Arya hanya bisa terdiam. dan tidak langsung menjawab pertanyaan Amanda. karena dia merasa, sebelum dibawa berjalan jalan. Dia sudah menceritakan semuanya pada Amanda, tapi kenapa masih juga ditanyakan?
Namun agar tidak terlalu mengecewakan Manda. Arya tetap menjawab juga."Ini memang dunia jiwa, yang sengaja di buat untuk ku oleh leluhur Baladewa"
"Tujuannya adalah untuk mengembangkan minat dan bakat ku di dunia manusia"
"Mengenai bagaimana ini diciptakan, aku tentu saja tidak tahu.Yang jelas sekarang aku sudah memilikinya." jawab Arya.
"Uh! Jawaban mu tidak memuaskan dan tidak masuk akal!" reaksi Manda malah mengacuhkan perasaan Arya.
"Kenapa? Tolong jelaskan!" respon Arya.
"Secara logika, mana ada yang namanya dunia jiwa? Jangan mengada adalah kak Arya!"
"Bilang saja kalau tempat ini adalah tempat wisata. Jangan bilang dunia jiwa?" protes Amanda.
"Ya terserah kamu saja. yang penting aku sudah menjawabnya." balas Arya enteng saja.
"Namun aku ingin bertanya. Sebelum ini kamu sedang berada dimana?Apakah di rumah mu atau di tempat wisata. dan sekarang sudah hari apa dan jam berapa?"tanya Arya.
"Ha? Bagaimana mungkin? Bukankah aku sedang tidur di rumah ku? Hari sabtu malam minggu? Tapi kenapa sekarang sudah hari selasa? Apa yang terjadi?" Tanya Amanda keheranan. Sambil melihat arloji kesayangannya.
"Tidak apa apa! Aku hanya bercanda.
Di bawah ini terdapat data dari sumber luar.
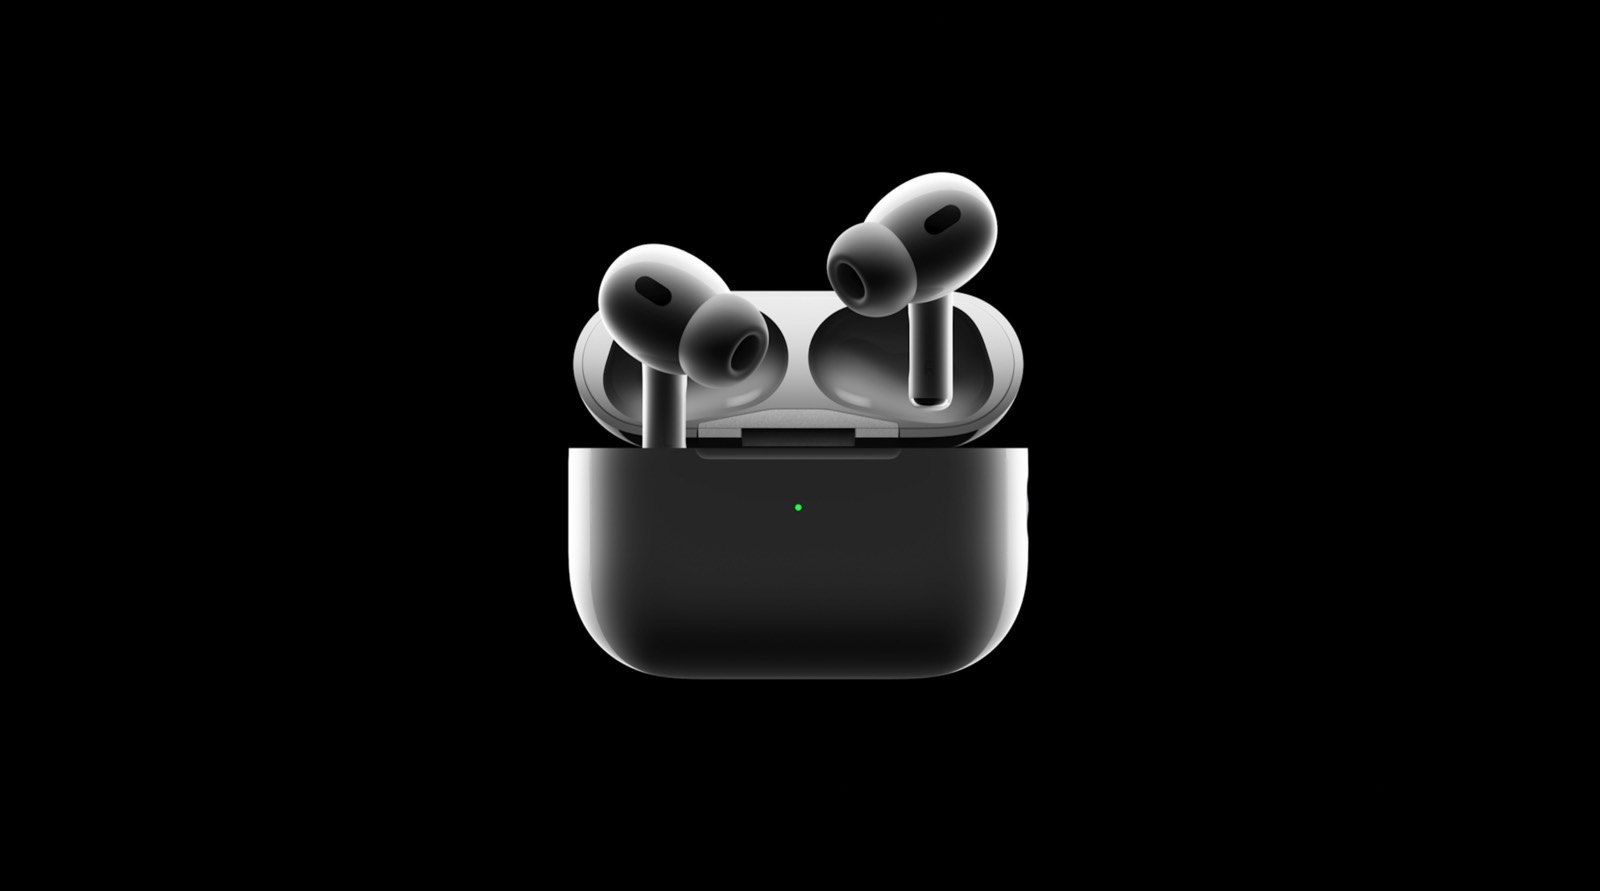 New AirPods Pro Apple S Best New Earbuds Are Now Up For Pre Order

Kamu memang sedang berada di tempat wisata, dan entah siapa yang membawanya kemari aku tidak tahu. Yang jelas bukan aku." Jawab Arya sekenanya saja.
Bug!
"Uhh! Fff!"
"Tiba tiba Arya menyemburkan darah segar dari mulutnya. akibat ditonjok dadanya oleh Amanda. Bukan hanya itu saja, tubuh Arya pun ambruk ke tanah, sepertinya organ dalamnya terluka.
Tak lama kemudian Arya tidak Sadarkan diri, dan jiwanya tenggelam dalam lautan spiritualnya, untuk mengobati diri sendiri. Sementara Amanda tentu saja kebingungan. Dia tidak menyangka keengganannya untuk mempercayai Arya bakal berbuntut panjang.
Sekarang Arya sedang terluka. Nafasnya seakan berhenti. jiwanya telah pergi, dan sepertinya sudah tidak ada harapan untuk hidup.
"Arya aaaaaa!" teriak Amanda kuat kuat, sambil mengguncang tubuh Arya agar cepat bangun. Tangisnya sudah tidak terbendung lagi. Air matanya tumpah, Hatinya menyesal dengan apa yang telah dia lakukan pada Arya.
Tapi sekuat apapun dia berusaha, Arya tetap tidak bangun juga. Nampaknya usaha Manda tidak membuahkan hasil. Tubuh Arya tetap diam. Mata terpejam, dan nafas pun sudah terhenti. Arya sudah jelas mati.
"Tolong minggir sedikit! Eyang akan mengobatinya. Siapa tahu masih bisa diselamatkan?" ujar seseorang yang tiba tiba datang mengejutkan Amanda.
"Si si siapa kau orang tua? Bagaimana caranya kau datang?. ini tempat apa?" reaksi Amanda.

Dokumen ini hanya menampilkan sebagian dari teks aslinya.